Belgian department store chain

INNOvative Retail BV, (commonly referred to as Inno, and formerly known as Galeria Inno) is an upmarket Belgian department store chain that operates sixteen branches around Belgium.

==History==
In May 1897, A l'Innovation opened in Brussels. The department store was founded by Julien Bernheim.

The chain is a founding member of the International Association of Department Stores, but membership ended in 2001. Emile Bernheim (son of Julien and president of Inno from the 1920s) was president of the association in 1931, 1935, 1950 and 1960.

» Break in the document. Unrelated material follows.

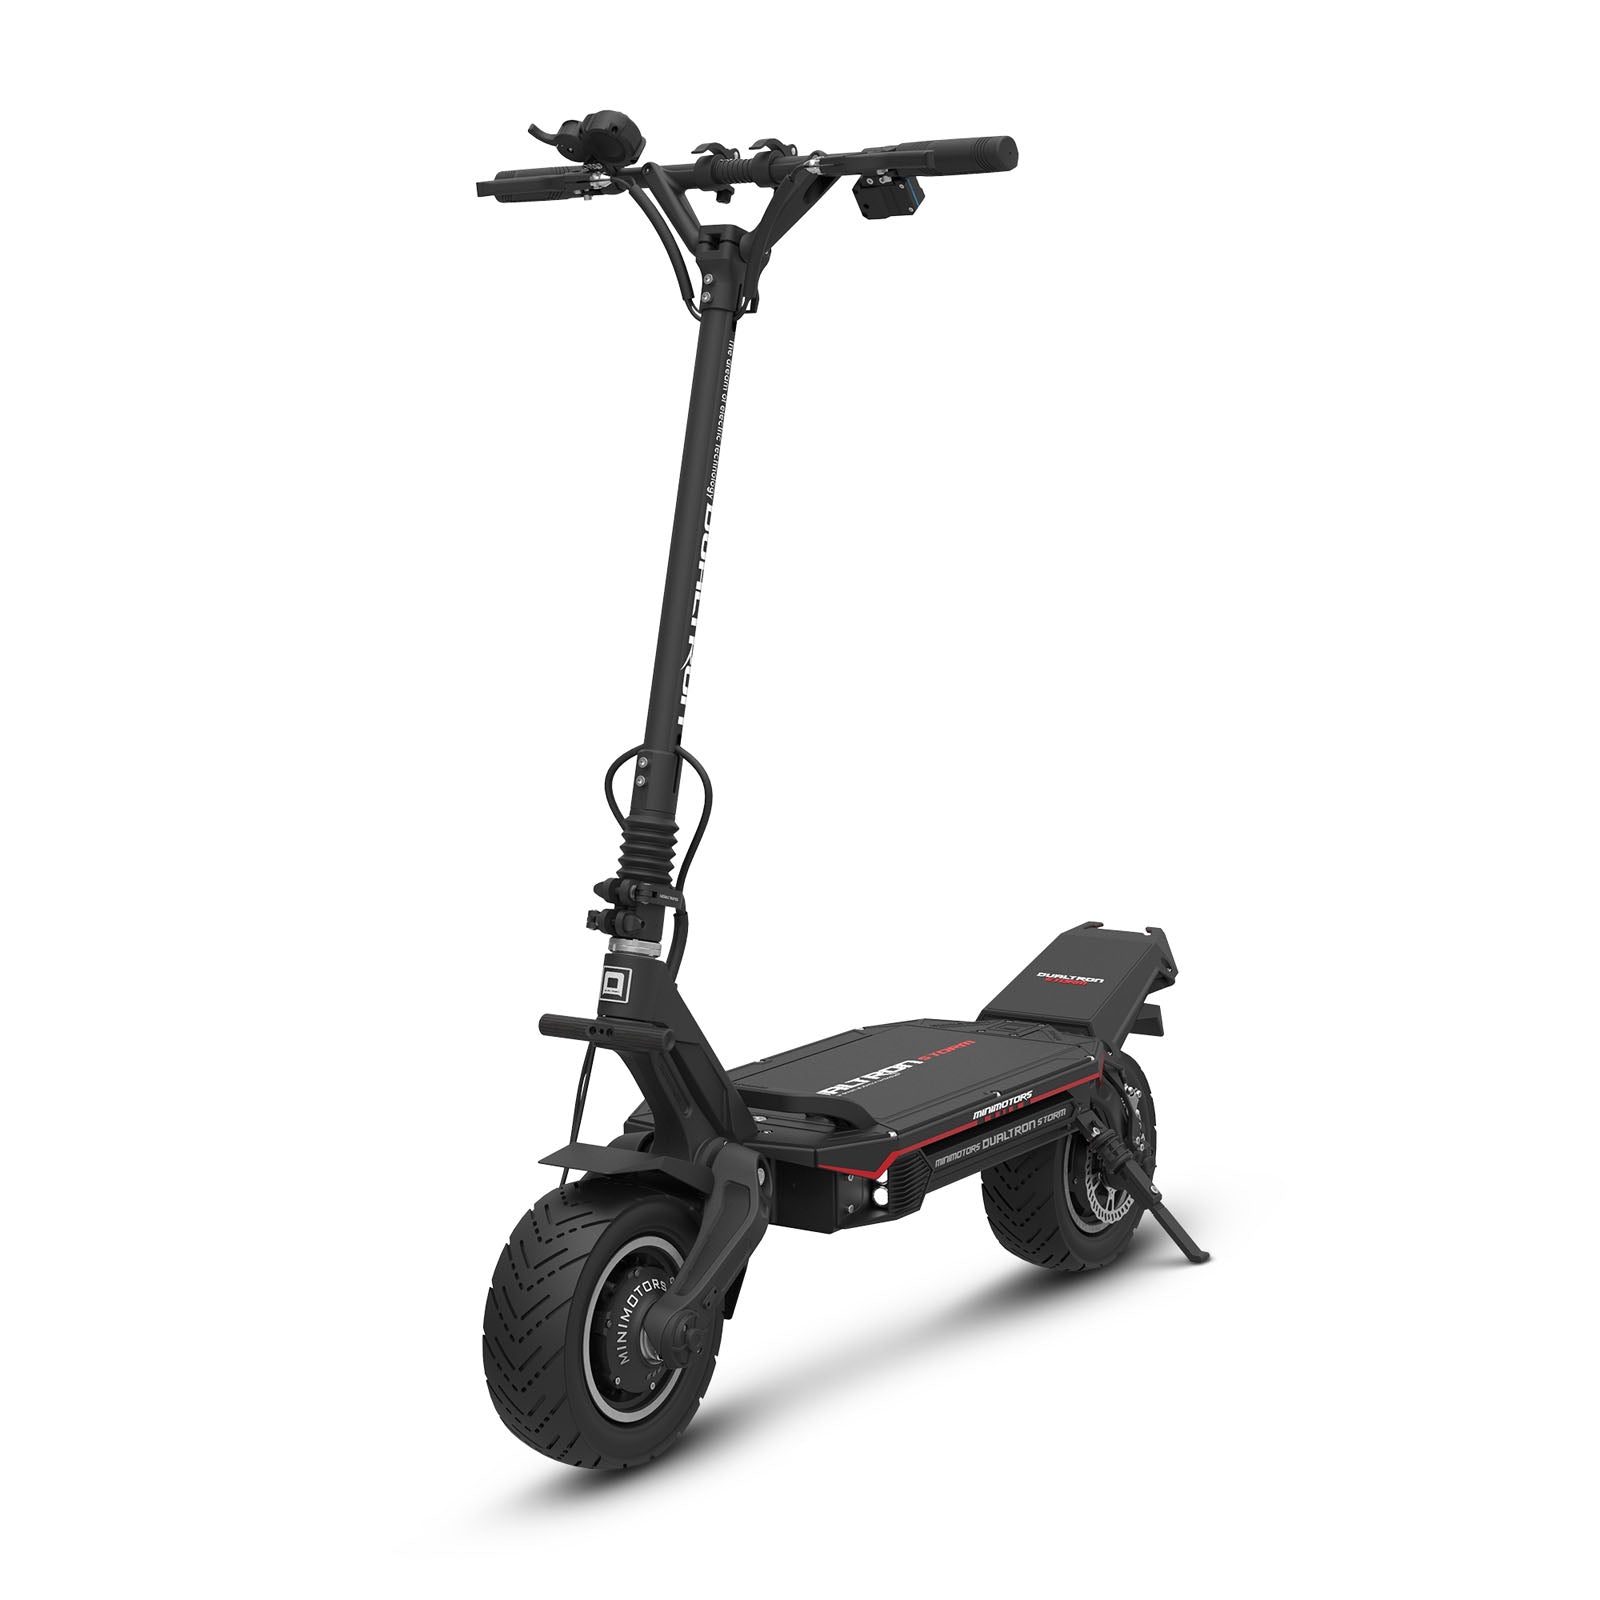 Dualtron Storm - Premium Scooter - Fast and Reliable - Minimotors USA

In 1925, following the death of Julien Bernheim, his son Émile Bernheim became head of the company.

The Rue Neuve flagship (constructed between 1901 and 1903 and designed by Victor Horta) was destroyed in a fire in 1967 which killed either 251 or 325 people depending on the source. The incident is however the deadliest fire in Belgian history. It was after this incident that the department store rebranded from Innovation to Inno.

Inno expanded into France in March 1962 with a hypermarket format, however in 1964 due to poor sales a majority stake in Inno-France was sold to Galeries Lafayette. The management of the stores was taken over by Galeries Lafayette in 1965, in 1971 the stake was upped to 88% and Inno no longer held shares in the company. The management of Inno France was taken over by Monoprix and in 2013 the final Inno-France stores were closed.

In 1969, the company merged with Bon Marché (unrelated to the French Le Bon Marché) to create Inno-BM. Then in 1974 Inno-BM merges with GB to create GB-Inno-BM (later renamed to GIB Group).

Galeria Kaufhof purchased the chain in April 2001, with this Galeria was added to the chain's name to become Galeria Inno. In 2015, Hudson's Bay Company purchased a majority of Galeria Kaufhof from Metro AG.

In 2018, Galeria Kaufhof merged with Karstadt to form Galeria Karstadt Kaufhof. In 2019, HBC divested its shares in the company and Signa Holding took full control.

The chain rebranded from Galeria Inno to Inno in 2021 and for the first time the brand opened a web shop. A new store format also began to be rolled out across the brand beginning with the Schoten branch in 2020.

Former logo used from 2004 to 2021

Plans to sell Galeria Inno were announced in late 2023. In July 2024, Axcent (Swedish retail group, majority shareholder of Åhléns) and Skel (Icelandic investment group) announced they would purchase the company for an undisclosed amount.

==Locations==
INNO operates 16 department stores throughout Belgium, of which four are located in Brussels: Inno Bascule, Inno Louise, Inno Rue Neuve, and Inno Woluwe.